Just my $.02 worth. D* is scoring a coup adding nine cities before E* and one within sixty days of E*. 

Image Joe and Jane sitting on the couch in Las Vegas comparing DBS companies. I'm guessing that until E* adds Las Vegas locals, most DBS business in the city will go to D*. That is at least $40 per household that D* will gain in revenue that they didn't have before and $40 per household in revenue that E* won't be receiving. 

At Directv's current rate of 10% of American households, and there are 400,000 households in Las Vegas (plus thousands of hotel rooms), that is $1,600,000 per month in revenue from Las Vegas households. I'm guessing that before LIL in Las Vegas, the percentage of households was as low as 5%. That would be increase in revenue for D* of $800,000 per month by adding LIL to the city. 

These figures are only hypothetical, but it shows an example of the increase in revenue by adding LIL.


----------



## MarkA (Mar 23, 2002)

See personally, I don't care how much money my TV provider makes or how many subs they have. I just want lots of channels, with a good picture, at a good price. Bresnan Communications (just bought the local AT&T cable) is doing a cable rebuild, and it might be worth looking at when completed this fall. I at least might get cable internet as it's supposed to be both cheaper AND faster than DSL.


----------



## AllieVi (Apr 10, 2002)

> _Originally posted by Mark _
> *See personally, I don't care how much money my TV provider makes or how many subs they have. I just want lots of channels, with a good picture, at a good price.*


While you an I may not CARE how much money they make, their ability to make money is what motivates them to provide the service. If they're not making money, they'll eventually go out of business.

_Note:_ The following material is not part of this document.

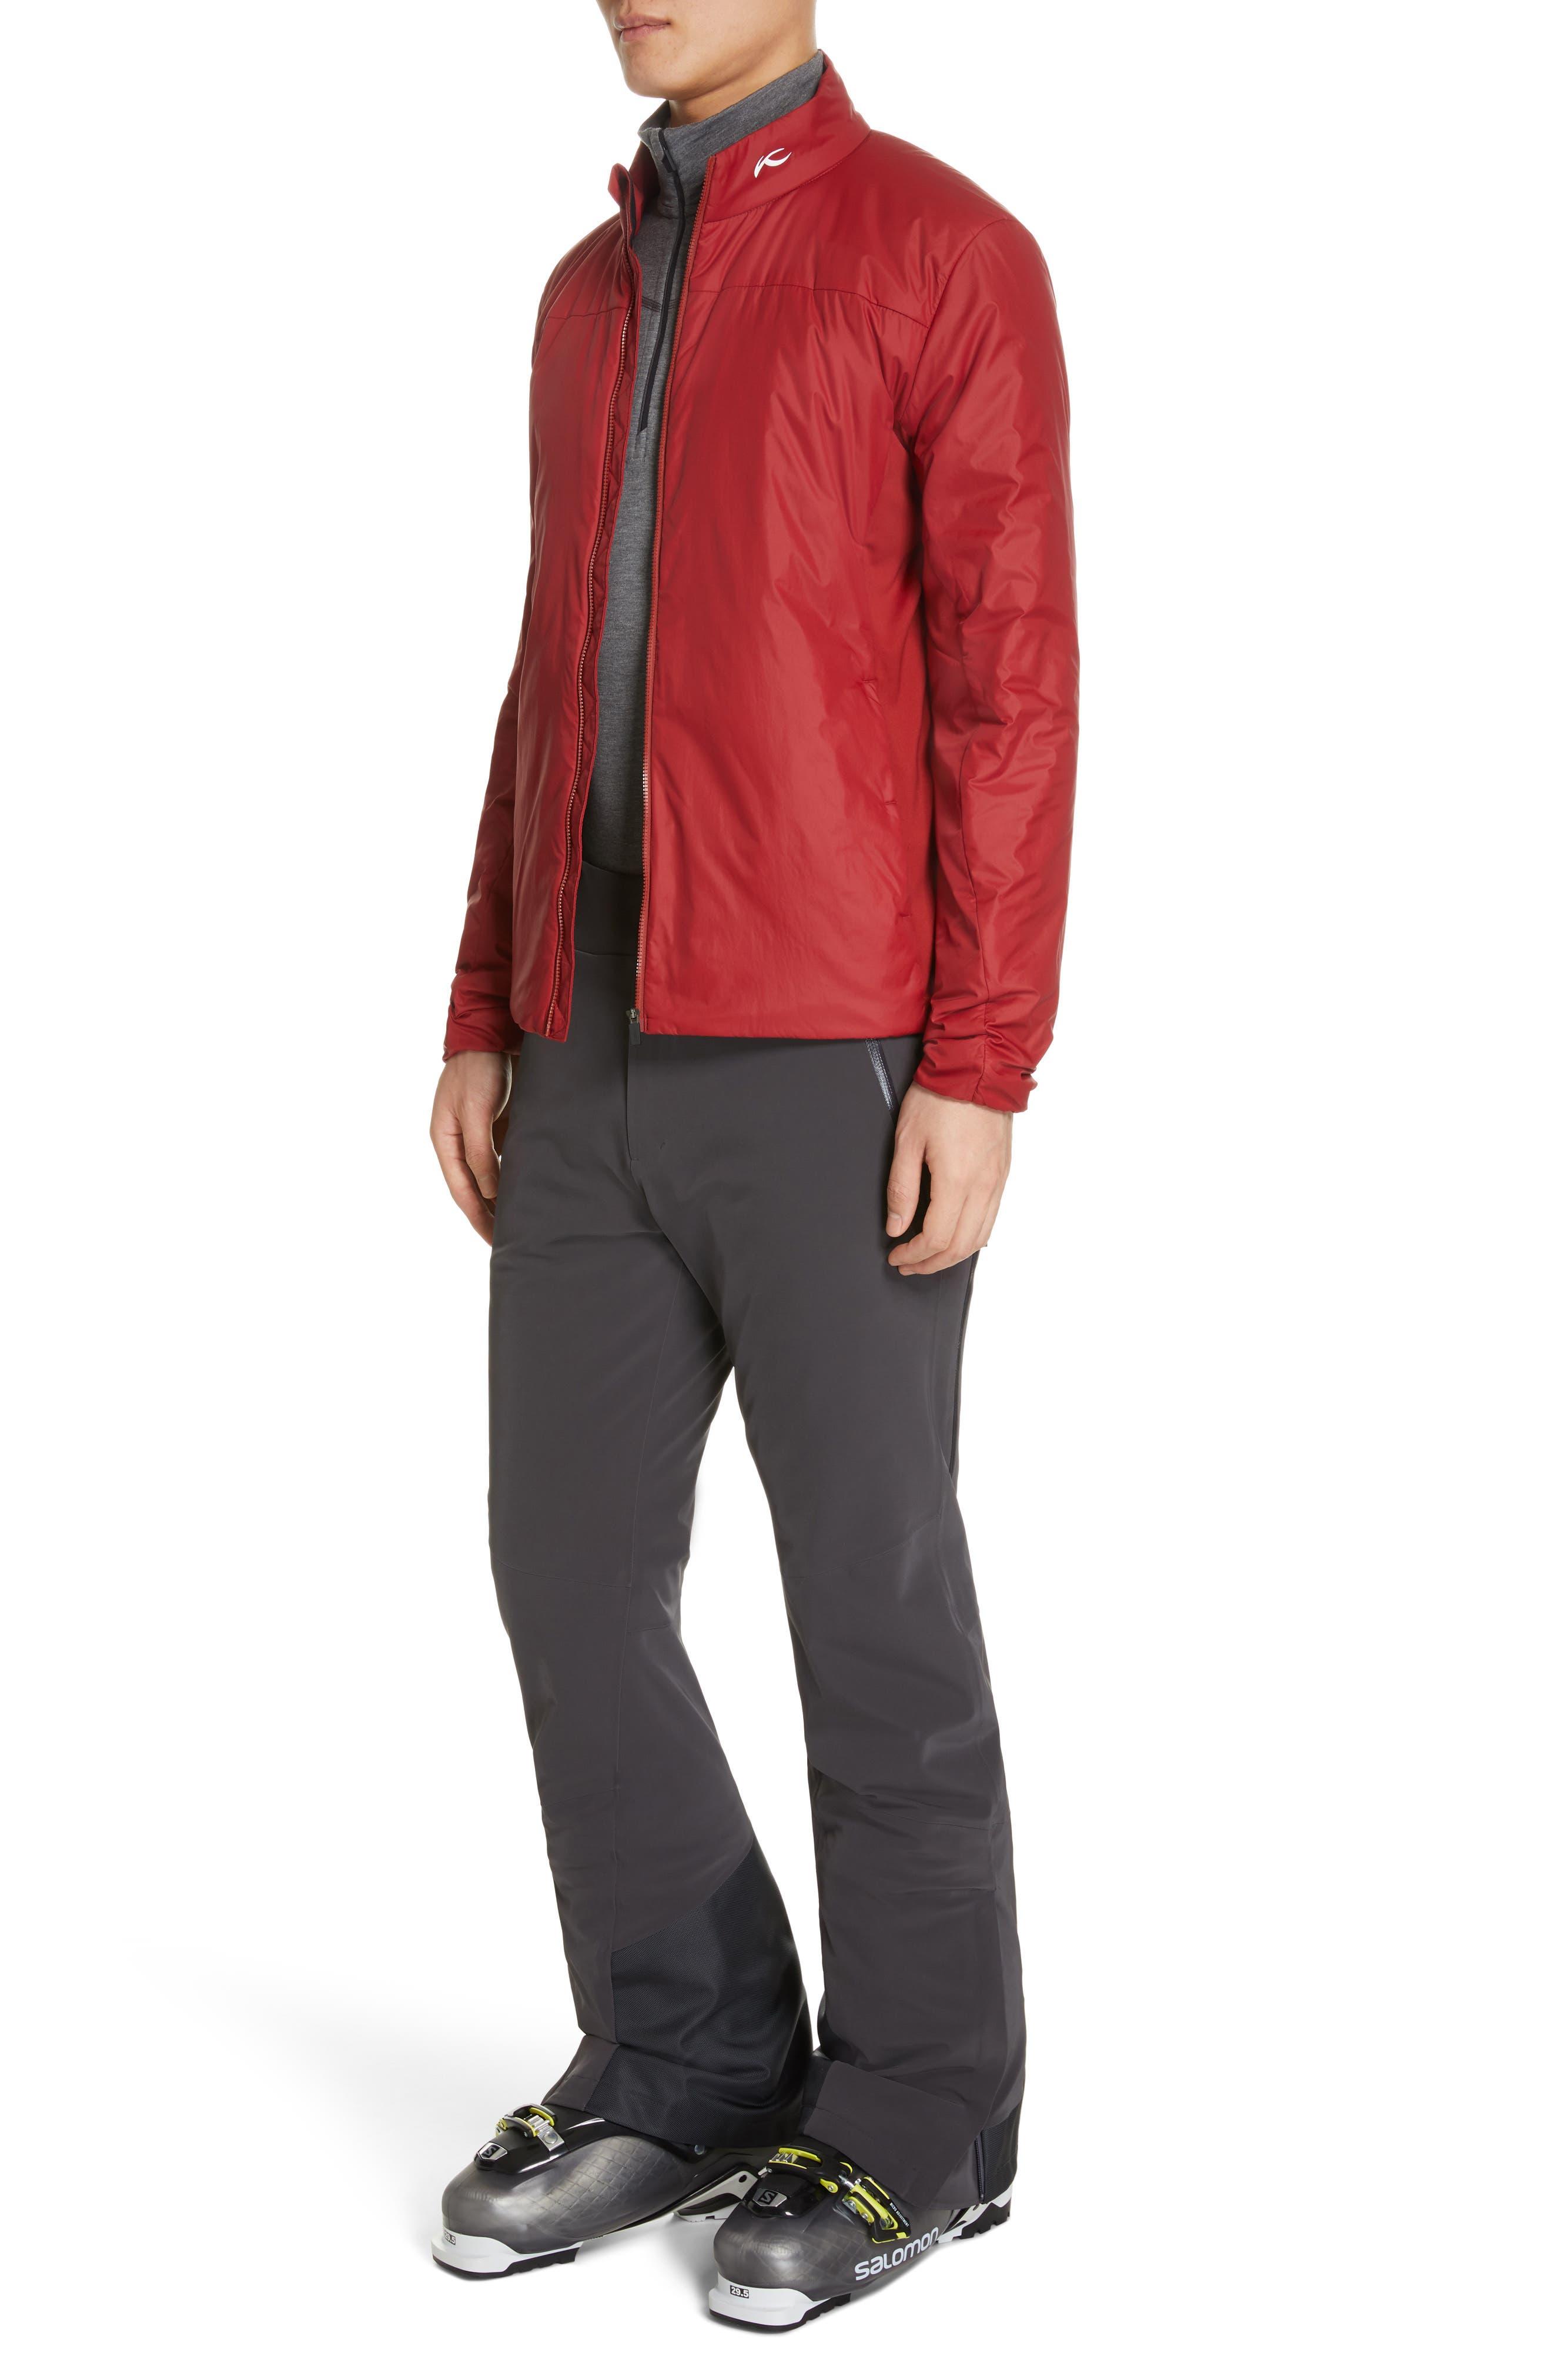 Radiation Waterproof Jacket,                             Alternate thumbnail 5, color,                             RED DAHLIA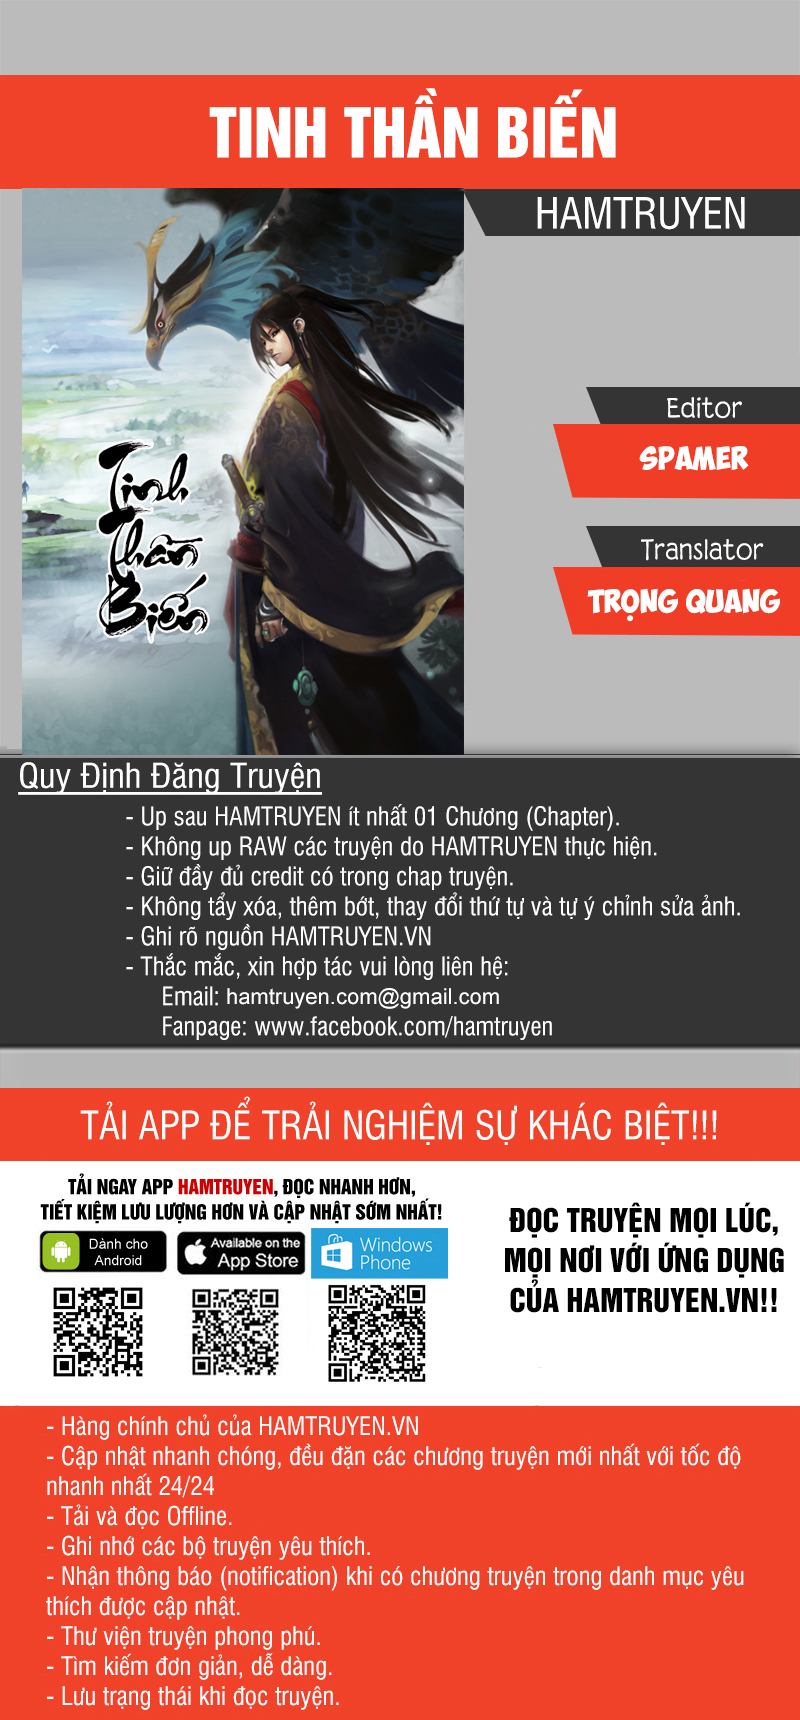 Tinh Thần Biến Chap 104 - Truyen.Chap.VN

E* and D* need to add to their subscriber base if they want to eventually become profitable. The alternative is to charge current customers much more. LIL isn't an issue for those who cant receive those channels by other means - they at least have the ability to receive a distant network via satellite (for now, anyway). LIL really IS the issue for people who can get locals via cable or OTA. Most (like me) want that seamless program guide.


----------



## tampa8 (Mar 30, 2002)

I can usually see both sides to an issue even if I feel strongly one way. Not this time.
You will see a mass exedous of many if they cannot get the networks with DBS, and there would be very llittle growth after that. I truly believe it would make DBS a second choice at best to cable. With few exceptions like some HBO programs, what is it that people are talking about the next day around the water cooler? Network programs. And although I don't know why (I am a Fox News fan) most people still get their TV news from the networks. Also remember, for many of us we cannot get a good signal from our locations by antenna, so carriage becomes even more important.


----------



## lee635 (Apr 17, 2002)

But if the courts overturned must carry, DBS won't drop all locals. What will happen is that all the cheesy shopping stations, religious and other lesser viewed locals won't appear on satellite. But the stations in each market that people actually watch will remain.


----------



## Richard King (Mar 25, 2002)

> Image Joe and Jane sitting on the couch in Las Vegas comparing DBS companies. I'm guessing that until E* adds Las Vegas locals, most DBS business in the city will go to D*. That is at least $40 per household that D* will gain in revenue that they didn't have before and $40 per household in revenue that E* won't be receiving.


And that is exactly what has happened here. I am in the West Palm Beach DMA. D* added WPB to their local channel provisions a while back, while Dish still doesn't have them. D* is currently KILLING Dish in this area. I can count on one hand the number of Dish systems I have installed this year. When one has locals and the other doesn't the one without them might as well fold up the tent and go home.


----------



## Guest (May 28, 2002)

Lee,

If the Supreme Court finds that the Satellite Home Viewers Improvement Act (SHVIA) is unconstitutional because of the must-carry statutes, then whole sections of the SHVIA are thrown out.

The copyright exemption to rebroadcast local stations is only granted if all local stations are broadcast. If the Supremes find that "must-carry" is an unconstitutional part of the SHVIA, the copyright exemption is also invalid. The courts would be invalidating a section of copyright law, not just the "must-carry" subsection.

And therefore, DBS would be required to drop all locals, if the court finds that must-carry is unconstitutional. That is because the end of must-carry is also the end of the copyright exemption.


----------